The Value of Collaboration in Convex Machine Learning with Differential Privacy

TL;DR

This paper analyzes how collaboration among multiple privacy-aware data owners affects the utility of convex machine learning models trained with differential privacy, providing predictive insights into privacy-utility trade-offs.

Contribution

It introduces a model to predict the impact of privacy parameters and dataset size on the quality of differentially-private machine learning models, validated on real financial and fraud detection datasets.

Findings

Model predicts privacy-utility trade-offs based on dataset size and privacy budget.

Validation confirms the accuracy of the performance prediction.

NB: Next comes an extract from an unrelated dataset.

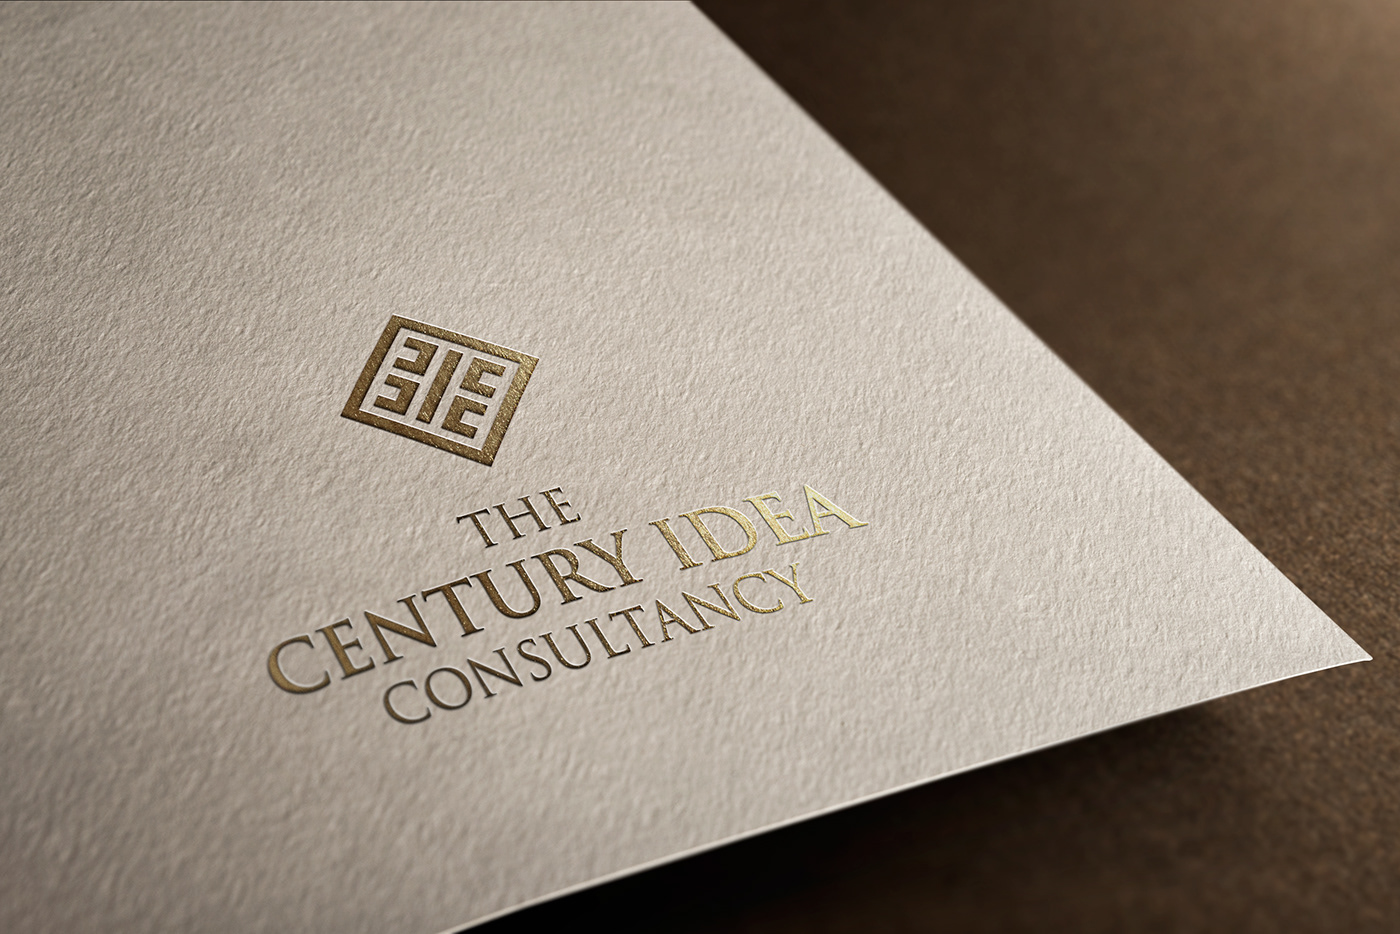 logo identity company consultancy Consulting visual brand graphic

Collaboration benefits increase with larger datasets and higher privacy budgets.

Abstract

In this paper, we apply machine learning to distributed private data owned by multiple data owners, entities with access to non-overlapping training datasets. We use noisy, differentially-private gradients to minimize the fitness cost of the machine learning model using stochastic gradient descent. We quantify the quality of the trained model, using the fitness cost, as a function of privacy budget and size of the distributed datasets to capture the trade-off between privacy and utility in machine learning. This way, we can predict the outcome of collaboration among privacy-aware data owners prior to executing potentially computationally-expensive machine learning algorithms. Particularly, we show that the difference between the fitness of the trained machine learning model using differentially-private gradient queries and the fitness of the trained machine model in the absence of any privacy concerns is inversely proportional to the size of the training datasets squared and the privacy budget squared. We successfully validate the performance prediction with the actual performance of the proposed privacy-aware learning algorithms, applied to: financial datasets for determining interest rates of loans using regression; and detecting credit card frauds using support vector machines.